Compared to other Gigalabs, the ReCreateIt Gigalab will feature various additional sensors that monitor temperature, humidity, emissions, particulate matter, and energy usage. The sensors will allow the team to construct a comprehensive model of the Gigalab system and quantitatively assess the environmental impact of the Gigalab and the recycling efforts. This data may also provide the re:3D team with insights that may spur redesigns and improvements of future Gigalabs towards more energy-efficient and sustainable systems.
To support daily operations, three Gigalab associates have joined the team to collect and sort incoming waste plastics, and to operate the machinery that processes and prints with the recycled materials. The re:3D team is actively mentoring the associates to enable them to operate and troubleshoot the Gigalab equipment safely and autonomously (Figure 6).

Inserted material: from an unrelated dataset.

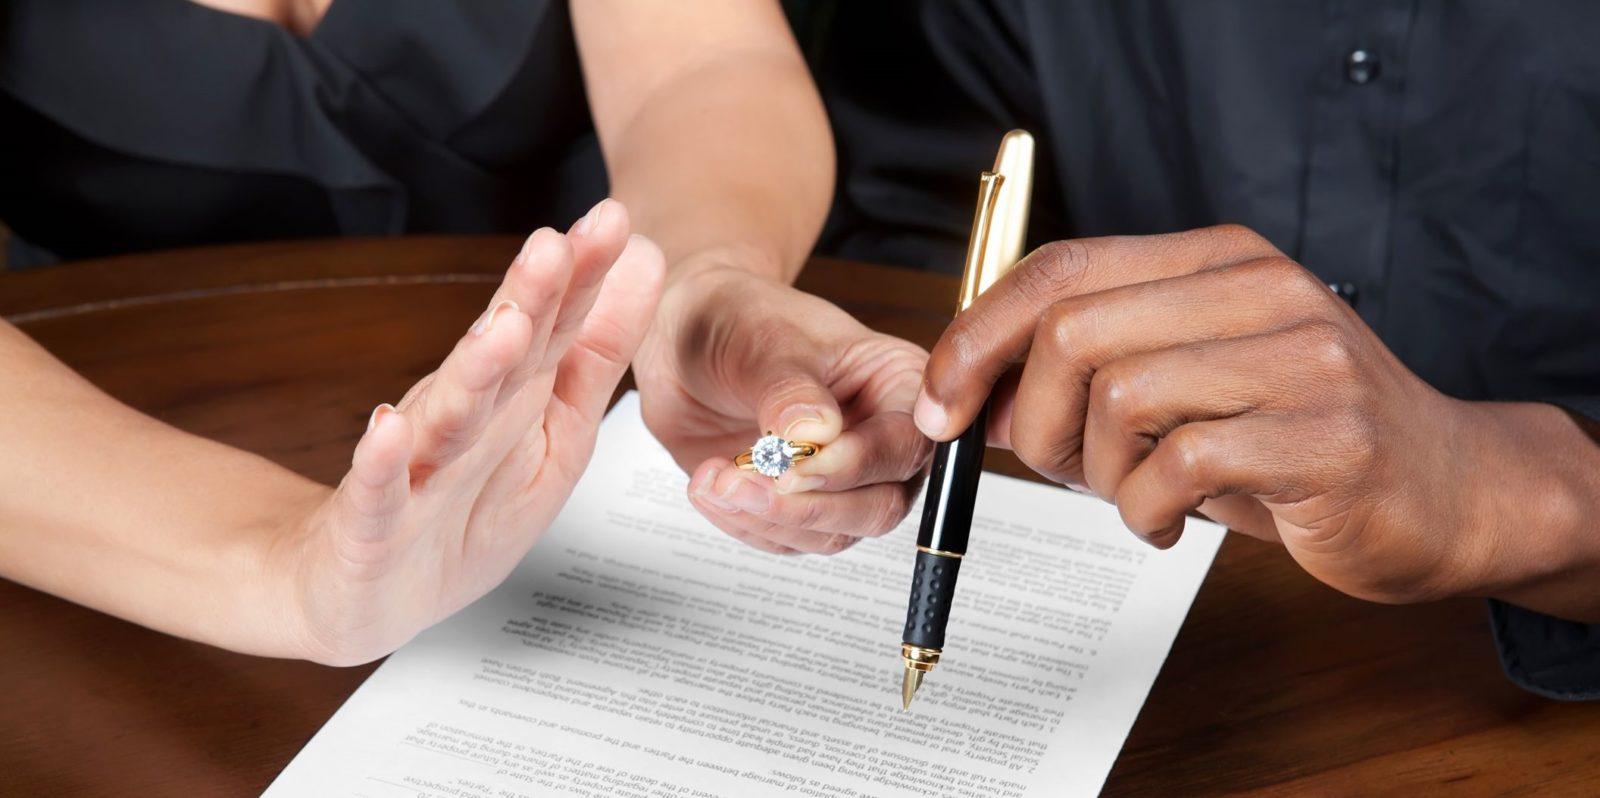 Сколько стоит госпошлина на развод
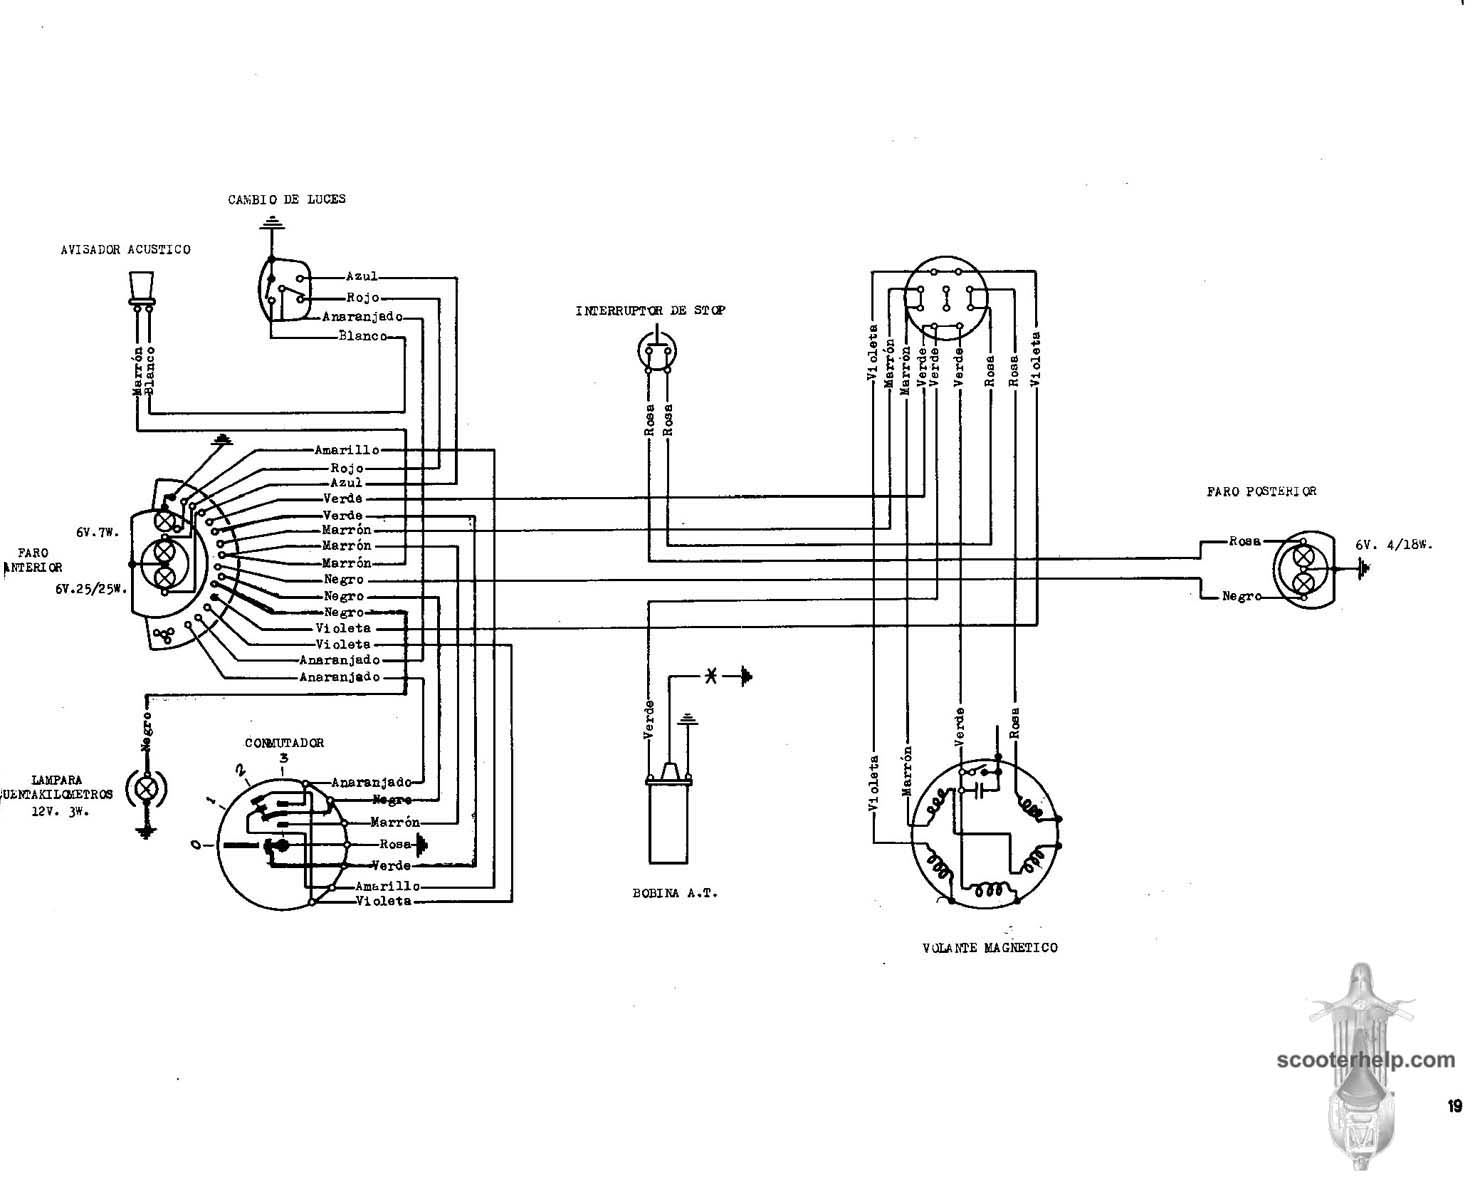 Serveta Jet 200 Owner's Manual

There have also been advancements in 3D printing with recycled polypropylene (PP) — the second most used commodity plastic in the world. In fact, the vases shown in Figure 7 below are printed from 100% recycled PP, which were originally storage bins collected at the ReStore that were destined for the landfill. While there still are challenges to scale up into furniture pieces such as end tables or stools, achieving successful and functional parts using 100% recycled material, without any additives or blending agents, is a significant milestone in sustainable manufacturing.

To showcase the progress on the project to the public and local media, the ReStore and re:3D teams co-hosted a soft opening at the ReStore on April 19. Well over a hundred curious customers stopped by to take a look at a large array of printed parts made from recycled materials. Attendees were invited to share their ideas for future products, offer feedback on existing prints, and learn more about the environmental and social impact of the initiative. The majority of visitors also expressed major interest in the behind-the-scenes of the project and participated in tours of the Gigalab, where they got a first hand look at the recycling and manufacturing process including the GBX2 in motion.
Figure 8: ReCreateIt Soft Opening at the AHFH ReStore.
If you’re in the Austin area, stop by the ReStore at 500 W. Ben White Blvd where you can check out the prints in person, buy a piece printed from recycled waste and directly participate in the circular economy yourself.
“Bigger, Better, Faster” FGF (DOD/US Army)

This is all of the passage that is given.